*** Opening of DATA EXCERPTS ***

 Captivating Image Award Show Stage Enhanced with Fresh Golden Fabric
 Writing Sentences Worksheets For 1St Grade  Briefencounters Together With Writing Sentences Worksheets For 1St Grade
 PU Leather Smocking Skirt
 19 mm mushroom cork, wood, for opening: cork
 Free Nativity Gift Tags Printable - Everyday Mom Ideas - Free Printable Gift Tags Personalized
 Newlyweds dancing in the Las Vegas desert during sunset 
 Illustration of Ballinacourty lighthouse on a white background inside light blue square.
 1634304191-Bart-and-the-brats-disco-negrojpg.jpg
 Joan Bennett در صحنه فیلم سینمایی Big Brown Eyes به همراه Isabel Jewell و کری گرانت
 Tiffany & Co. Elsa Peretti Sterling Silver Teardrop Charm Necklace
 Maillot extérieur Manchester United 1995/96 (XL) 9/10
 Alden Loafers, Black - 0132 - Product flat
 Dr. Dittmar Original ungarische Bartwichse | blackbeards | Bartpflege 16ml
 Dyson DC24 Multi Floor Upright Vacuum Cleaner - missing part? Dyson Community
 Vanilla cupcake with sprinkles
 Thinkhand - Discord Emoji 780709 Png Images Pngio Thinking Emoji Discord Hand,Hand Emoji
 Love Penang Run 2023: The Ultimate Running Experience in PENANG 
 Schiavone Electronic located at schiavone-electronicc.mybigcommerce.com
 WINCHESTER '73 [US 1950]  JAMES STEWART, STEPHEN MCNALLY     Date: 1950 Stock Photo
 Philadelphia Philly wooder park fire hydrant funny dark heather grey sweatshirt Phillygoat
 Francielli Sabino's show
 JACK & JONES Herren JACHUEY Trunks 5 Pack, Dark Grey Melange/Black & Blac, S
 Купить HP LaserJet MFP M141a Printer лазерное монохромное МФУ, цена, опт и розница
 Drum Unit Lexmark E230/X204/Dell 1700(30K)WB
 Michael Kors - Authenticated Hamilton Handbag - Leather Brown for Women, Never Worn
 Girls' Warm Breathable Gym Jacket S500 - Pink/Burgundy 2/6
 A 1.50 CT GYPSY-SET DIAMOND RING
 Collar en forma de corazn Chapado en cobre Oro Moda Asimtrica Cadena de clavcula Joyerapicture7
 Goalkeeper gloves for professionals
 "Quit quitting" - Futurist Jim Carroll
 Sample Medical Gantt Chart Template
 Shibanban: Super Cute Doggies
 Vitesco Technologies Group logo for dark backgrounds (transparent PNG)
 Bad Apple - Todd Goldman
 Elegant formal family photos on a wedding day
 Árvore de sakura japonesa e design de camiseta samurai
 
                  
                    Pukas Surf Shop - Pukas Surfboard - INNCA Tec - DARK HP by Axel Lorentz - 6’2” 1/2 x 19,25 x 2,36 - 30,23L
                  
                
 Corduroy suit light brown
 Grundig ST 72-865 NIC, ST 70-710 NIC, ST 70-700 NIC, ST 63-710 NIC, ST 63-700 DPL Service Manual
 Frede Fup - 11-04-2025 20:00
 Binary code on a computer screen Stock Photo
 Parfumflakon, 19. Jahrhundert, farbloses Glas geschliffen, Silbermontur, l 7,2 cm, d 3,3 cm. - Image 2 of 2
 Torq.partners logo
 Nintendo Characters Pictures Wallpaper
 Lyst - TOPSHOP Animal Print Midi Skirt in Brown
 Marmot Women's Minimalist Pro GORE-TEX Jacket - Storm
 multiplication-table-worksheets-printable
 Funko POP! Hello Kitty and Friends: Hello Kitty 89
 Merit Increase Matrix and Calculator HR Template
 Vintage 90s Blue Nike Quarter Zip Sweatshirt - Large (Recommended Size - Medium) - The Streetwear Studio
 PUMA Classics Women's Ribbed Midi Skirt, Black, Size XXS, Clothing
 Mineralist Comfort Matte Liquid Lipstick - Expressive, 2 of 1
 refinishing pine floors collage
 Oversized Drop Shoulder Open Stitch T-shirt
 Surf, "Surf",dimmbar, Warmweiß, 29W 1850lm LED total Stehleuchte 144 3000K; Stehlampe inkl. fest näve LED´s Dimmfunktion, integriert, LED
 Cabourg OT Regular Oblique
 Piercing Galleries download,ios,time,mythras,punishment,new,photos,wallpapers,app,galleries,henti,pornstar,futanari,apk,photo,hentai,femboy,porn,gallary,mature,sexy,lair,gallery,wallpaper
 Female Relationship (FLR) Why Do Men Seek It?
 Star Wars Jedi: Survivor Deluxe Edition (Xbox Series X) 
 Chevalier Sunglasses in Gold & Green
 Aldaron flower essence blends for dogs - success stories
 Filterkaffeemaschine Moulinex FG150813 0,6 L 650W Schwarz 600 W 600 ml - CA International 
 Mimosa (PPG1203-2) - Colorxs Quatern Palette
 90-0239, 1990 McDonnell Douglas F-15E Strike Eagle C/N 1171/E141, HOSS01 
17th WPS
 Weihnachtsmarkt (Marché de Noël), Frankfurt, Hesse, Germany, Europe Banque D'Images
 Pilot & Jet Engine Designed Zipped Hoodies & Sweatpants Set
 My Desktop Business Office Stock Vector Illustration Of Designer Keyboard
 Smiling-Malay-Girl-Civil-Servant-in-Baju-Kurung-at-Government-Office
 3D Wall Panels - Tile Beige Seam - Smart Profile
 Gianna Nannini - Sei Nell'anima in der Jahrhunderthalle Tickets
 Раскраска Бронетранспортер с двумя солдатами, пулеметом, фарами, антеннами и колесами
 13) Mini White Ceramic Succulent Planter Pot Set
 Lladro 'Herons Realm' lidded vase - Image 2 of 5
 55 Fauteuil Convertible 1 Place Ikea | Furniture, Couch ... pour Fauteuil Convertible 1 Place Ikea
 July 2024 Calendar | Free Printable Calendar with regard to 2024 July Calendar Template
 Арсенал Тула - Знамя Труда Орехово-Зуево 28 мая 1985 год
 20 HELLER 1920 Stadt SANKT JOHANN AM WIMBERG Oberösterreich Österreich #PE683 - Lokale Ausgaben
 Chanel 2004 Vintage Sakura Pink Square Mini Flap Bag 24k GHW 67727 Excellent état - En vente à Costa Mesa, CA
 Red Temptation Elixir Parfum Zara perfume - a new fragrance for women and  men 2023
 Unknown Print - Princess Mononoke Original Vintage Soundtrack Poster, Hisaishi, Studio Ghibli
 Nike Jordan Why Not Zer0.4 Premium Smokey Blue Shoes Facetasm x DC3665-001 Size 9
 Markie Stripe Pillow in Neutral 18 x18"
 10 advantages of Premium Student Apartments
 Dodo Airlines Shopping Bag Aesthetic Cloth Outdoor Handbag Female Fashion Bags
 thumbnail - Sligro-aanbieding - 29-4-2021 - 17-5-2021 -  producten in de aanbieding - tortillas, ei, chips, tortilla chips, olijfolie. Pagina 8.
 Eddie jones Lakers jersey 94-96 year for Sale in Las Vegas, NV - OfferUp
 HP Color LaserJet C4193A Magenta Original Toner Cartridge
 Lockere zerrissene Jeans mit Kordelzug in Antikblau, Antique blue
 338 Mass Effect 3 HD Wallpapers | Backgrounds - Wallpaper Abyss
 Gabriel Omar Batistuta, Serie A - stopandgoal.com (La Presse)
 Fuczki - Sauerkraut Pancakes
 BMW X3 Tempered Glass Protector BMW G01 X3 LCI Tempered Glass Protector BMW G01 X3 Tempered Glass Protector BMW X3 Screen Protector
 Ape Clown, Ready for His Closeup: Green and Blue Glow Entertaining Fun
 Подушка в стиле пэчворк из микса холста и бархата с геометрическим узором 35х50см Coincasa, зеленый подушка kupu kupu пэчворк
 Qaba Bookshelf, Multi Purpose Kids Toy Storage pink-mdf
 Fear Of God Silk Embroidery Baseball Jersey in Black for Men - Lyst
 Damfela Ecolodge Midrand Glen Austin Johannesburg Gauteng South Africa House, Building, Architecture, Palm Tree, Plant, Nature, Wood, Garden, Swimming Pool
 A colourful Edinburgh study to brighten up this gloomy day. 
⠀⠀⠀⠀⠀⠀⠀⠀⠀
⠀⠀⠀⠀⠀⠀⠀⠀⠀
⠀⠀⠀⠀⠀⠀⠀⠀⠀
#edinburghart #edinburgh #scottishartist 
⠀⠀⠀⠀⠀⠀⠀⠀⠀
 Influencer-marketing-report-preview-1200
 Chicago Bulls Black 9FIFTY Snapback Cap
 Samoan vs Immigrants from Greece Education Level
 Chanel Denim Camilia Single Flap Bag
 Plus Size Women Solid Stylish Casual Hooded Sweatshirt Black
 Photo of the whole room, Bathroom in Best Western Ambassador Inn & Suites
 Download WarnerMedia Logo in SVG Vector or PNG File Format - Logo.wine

*** Close of DATA EXCERPTS ***

PROBLEM STATEMENT |
Everything above from the line with "Collar en forma" to the line with "Pukas Surf Shop", both included, must be repeated exactly, and nothing outside that range.

ANSWER SPACE |
 Collar en forma de corazn Chapado en cobre Oro Moda Asimtrica Cadena de clavcula Joyerapicture7
 Goalkeeper gloves for professionals
 "Quit quitting" - Futurist Jim Carroll
 Sample Medical Gantt Chart Template
 Shibanban: Super Cute Doggies
 Vitesco Technologies Group logo for dark backgrounds (transparent PNG)
 Bad Apple - Todd Goldman
 Elegant formal family photos on a wedding day
 Árvore de sakura japonesa e design de camiseta samurai
 
                  
                    Pukas Surf Shop - Pukas Surfboard - INNCA Tec - DARK HP by Axel Lorentz - 6’2” 1/2 x 19,25 x 2,36 - 30,23L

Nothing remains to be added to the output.